We never called them. They never called any of us so far as I know. Vinati and I had a similar relationship. We didn't call one another or even embrace during hellos. Goodbyes were sometimes less reserved. I accepted that we sat at opposite ends of the spectrum that was comprised of the various social groups with whom Ilkay associated. Her friends were predominately female, rich, of noble families from the Indian sub-continent, beautiful, dull, and arrogant. Their bodies had few curves and fewer blemishes except for yellowed teeth and, sometimes, bad breath, which was usually covered up by an Altoid or a Parliament. Many came from the West Coast, and they talked like it, too (pronouncing “yeah” as the Scandinavian , and littering their narratives with words like “like” and “rad” and “hella-” and “totally” (sometimes even using all of them in a single sentence — i.e. “Yä, it was, like, totally hella-rad”)). My friends, on the other hand, were mostly contentious drunkards on the weekend, academics more or less confined to the catacombs of the library on the weekdays. We were disdained by the serious students and those who thought themselves too intellectually endowed to socialize unless at a poetry reading or a screening of a Lynch film or one of those art shows where everyone walks around with a glass of red wine and a smug grin because they know only they “really get it” (whatever this elusive “it” happens to be); we were considered too brainy for those who were at the university to piss away a fraction of their parents' fortunes on gambling, covers, liquor, and, after only six short years, an overpriced general studies degree. In other words, we were alienated from the majority of the student body because we sat in the middle of a polarized continuum. One could run a parallel to tragic irony, but the situation was not tragic, and ironic only if one misunderstands the word ‘ironic’, which happens more often than people would like to admit.

Ilkay never did understand the relationship I had with Vinati. It was his belief that the two of us had a silent infatuation for the other. He habitually floated sly remarks in our direction without being entirely clandestine or even contextually relevant, especially when drunk. These sharp (what he would call) quips would send him into small sessions of hysterics that appeared somewhat feigned, though, knowing Ilkay, this was far from the case.
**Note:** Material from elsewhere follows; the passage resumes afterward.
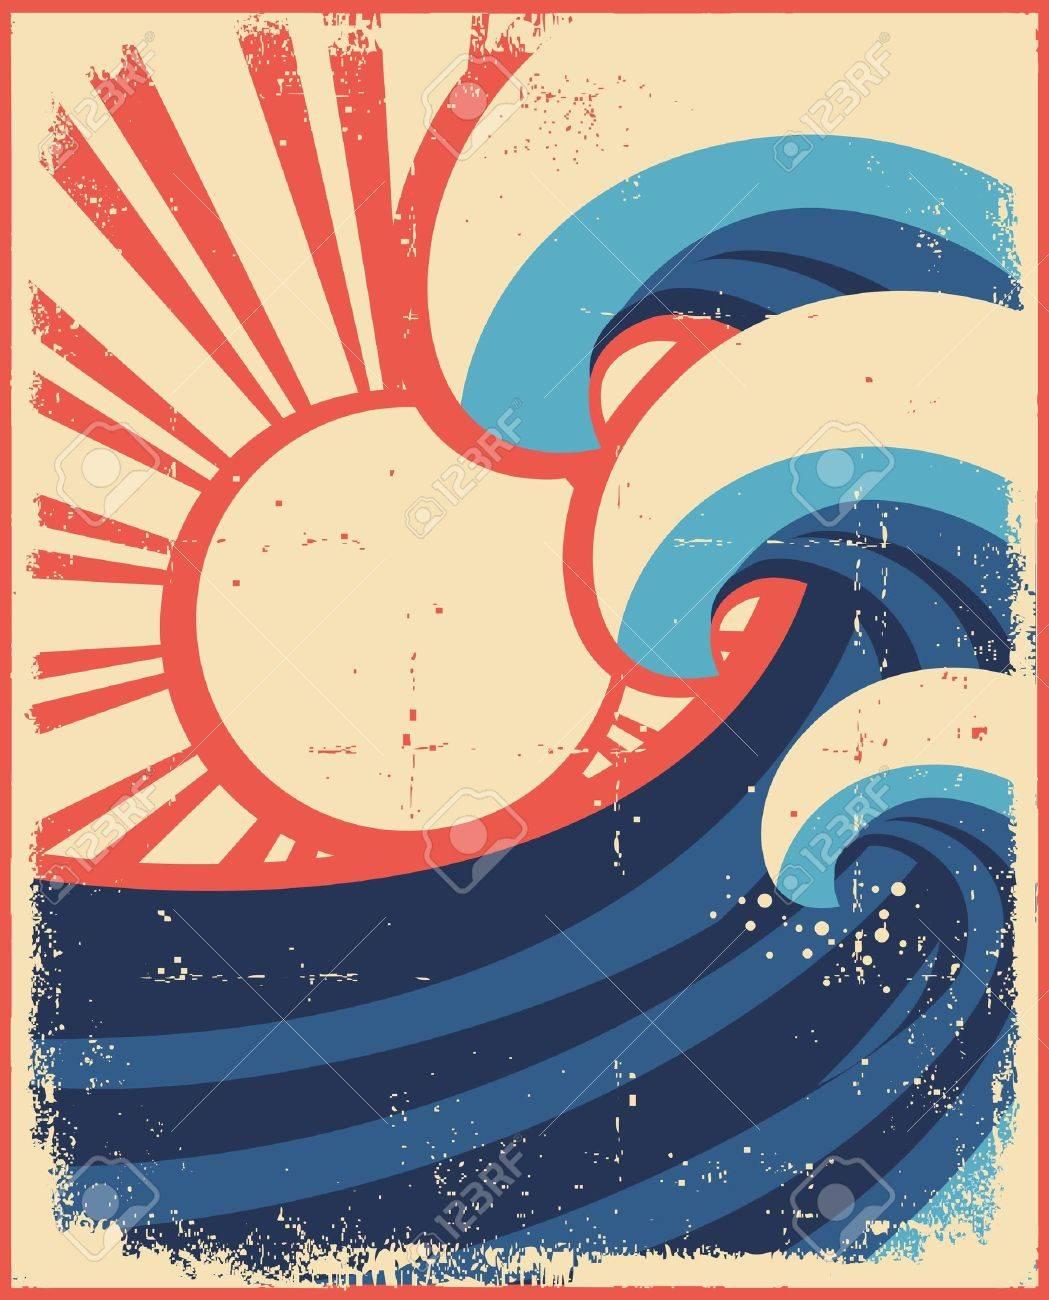 Sea waves poster.Grunge illustration of sea landscape on old paper. Stock Vector - 14976157

And while these comments rarely aroused pink or, in her case, mahogany cheeks, they did prove insidious enough to unite the two of us in momentary hatred. Maybe he sought to unite the two of us via shared scorn, though I certainly have my doubts about this — not because he had a penchant for trying to embarrass his friends, or because he happened to be that one friend who thinks the best way to appear on a pedestal is to bury everyone else; he just seemed to enjoy creating awkward tension between to the two of us.